By Danielle Gallant ('13)
Although the group spent most of their time in India volunteering with the Missionaries of Charity, they saved some time for sightseeing in Agra.
Although the group spent most of their time in India volunteering with the Missionaries of Charity, they saved some time for sightseeing in Agra.

Danielle Gallant, a senior sociology major, traveled to India during the winter break to lead a group of 10 students volunteering in the University’s City of Joy program. Below, Gallant shares her reasons for returning to India for a second time and what she learned from working with the late Mother Teresa’s Missionaries of Charity in Kolkata (also known as Calcutta):

Words often fail me when I try to tell others about my experiences in Kolkata because the City of Joy is about love – a love that is too challenging and too deep to adequately articulate. I was initially drawn to the program for two main reasons. I have always been fascinated by Indian culture – the colors, the tastes, the smells, the sounds, the dances, the history, the beautiful way that chaos and peace harmonize in everyday life. Secondly, my mother’s deep compassion has inspired me to be a service-oriented person.
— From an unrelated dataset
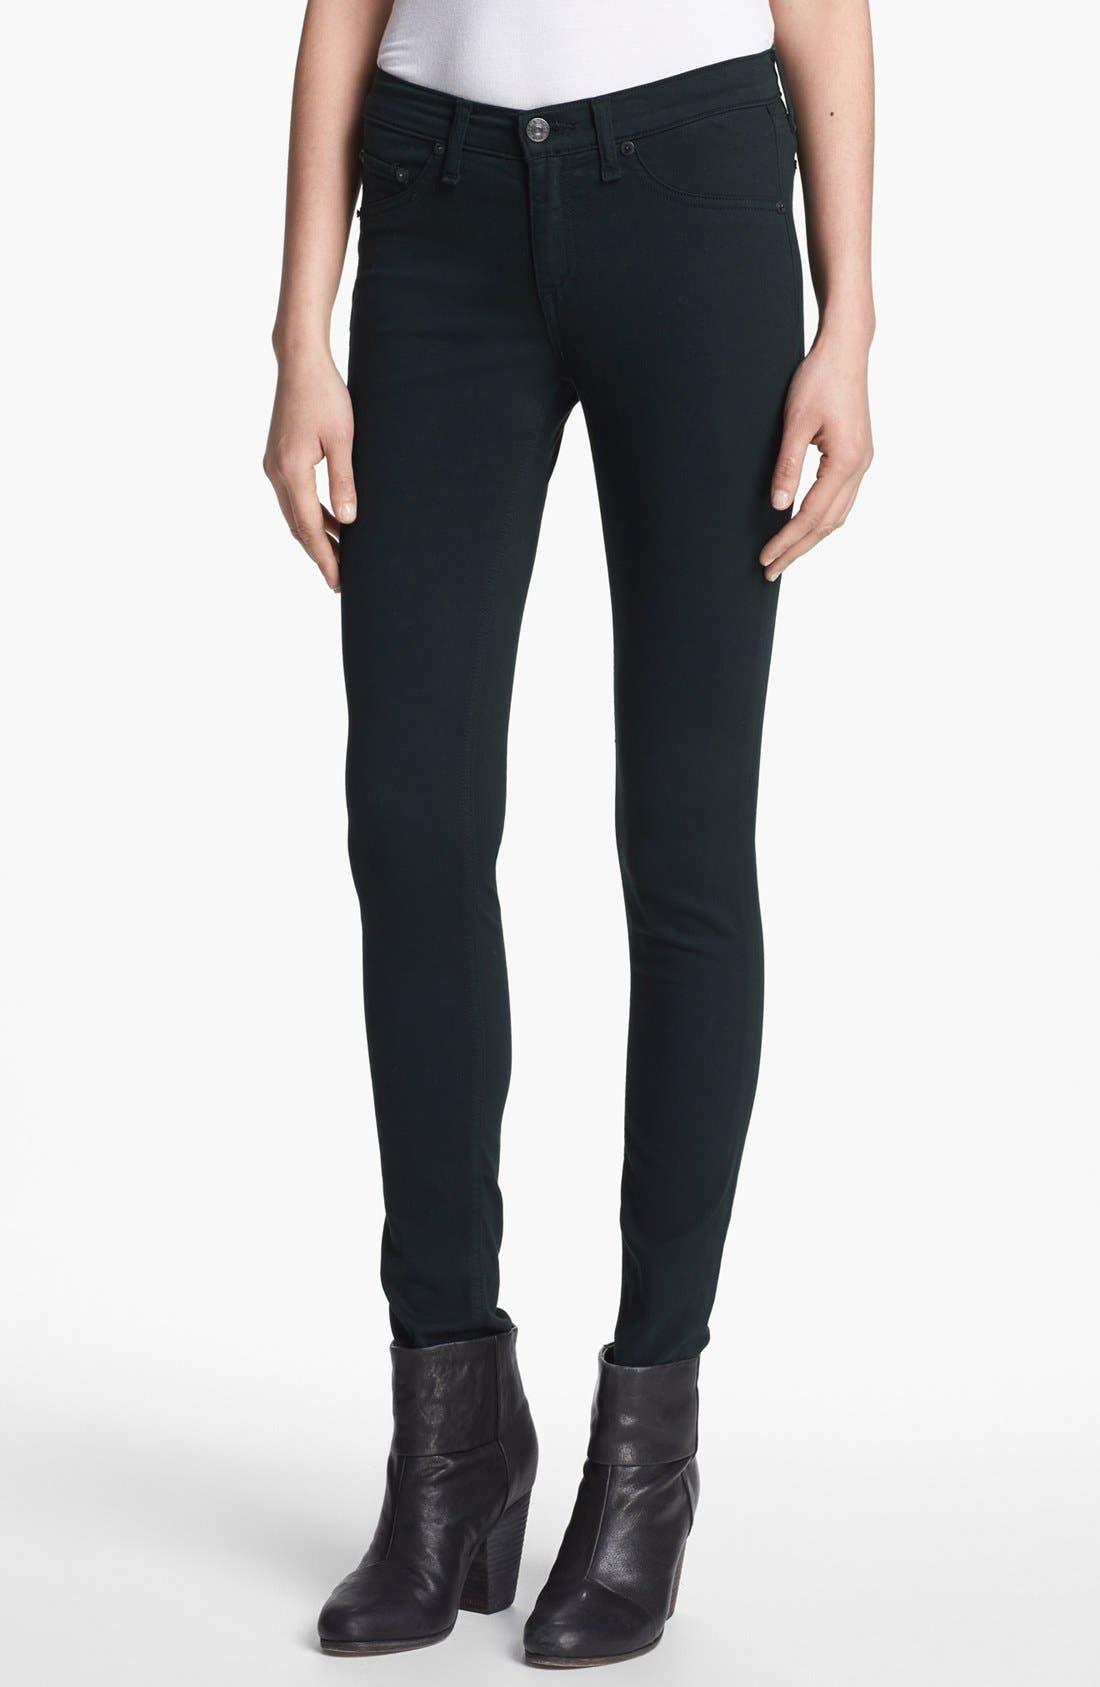 Alternate Image 1 Selected - rag & bone/JEAN Plush Twill Leggings

Mother Teresa’s Missionaries of Charity consist of a series of homes throughout Kolkata. Linking them all is Mother’s Hour, where the sisters live and work just as Mother Teresa did. Volunteers are invited to Mass with the sisters every morning at 6 a.m Then,the sisters welcome everyone into Mother’s House volunteer room for morning announcements, prayer and breakfast. Each home houses residents of varying ages and physical abilities. Volunteering is split into morning and afternoon shifts where you work alongside sisters, local workers and volunteers from around the world. At each home the work consists of a combination of general housekeeping, resident care and resident stimulation.
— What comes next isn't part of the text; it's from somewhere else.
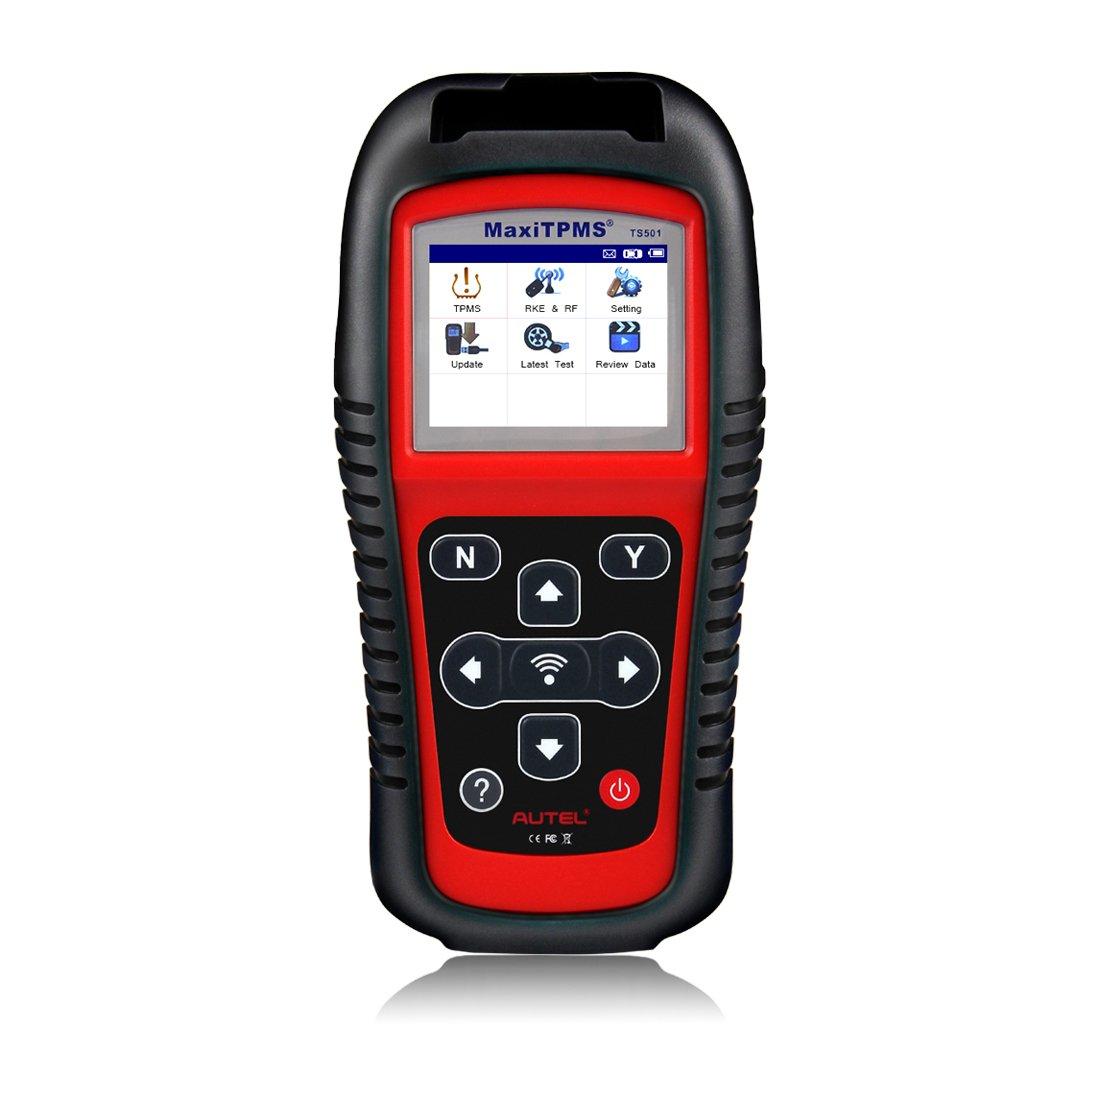 Autel MaxiTPMS TS501 TPMS OBD2 Activation Magnetic Tire Pressure Monitor  System Diagnostic Tool TPMS Sensor Check Kit ECU Program Reset Warning  Light

In 2012, I worked in Prem Dan, meaning “a gift of love,” the home for sick and disabled adults and Kalighat, the home for the sick and dying. On this trip I found myself thoroughly overwhelmed by the entire experience. The grinding poverty throughout the city coupled with the most challenging service I had ever done were more than I thought I could handle. For the first few days I was miserable, but one morning at Prem Dan changed my whole experience. Beyond the language barrier, I saw the unmistakable look of humiliation on the face of a woman I had become quite fond of. She was very sick and had lost control of her bowels. Through this moment of realization when I clearly understood how she was feeling, I lost my fear of the unknown and fell in love with the people of the missionaries and all of Kolkata. I was finally able to see past the barriers of culture, ability, and illness to understand the devotion of Mother Teresa and her sisters. I learned that even in the midst of chaos some things are universal like kindness, that laughter bonds people, and the power of human touch.

Back at Wake Forest I felt called return to Kolkata, and was fortunately granted that opportunity.

As a student leader for the 2013 group, I worked in the morning in Shanti Dan, meaning “gift of peace,” a home for disabled women and girls. In the afternoon I worked in Daya Dan, meaning “gift of mercy,” a home for disabled children. This year, I traveled to India full of love rather than fear, ready to serve in the motto of Pro Humanitate. The City of Joy program showed me the beauty in uncertainty. I may not know where life will take me, but wherever I go, I will go with passion and whatever I do, I will do with love.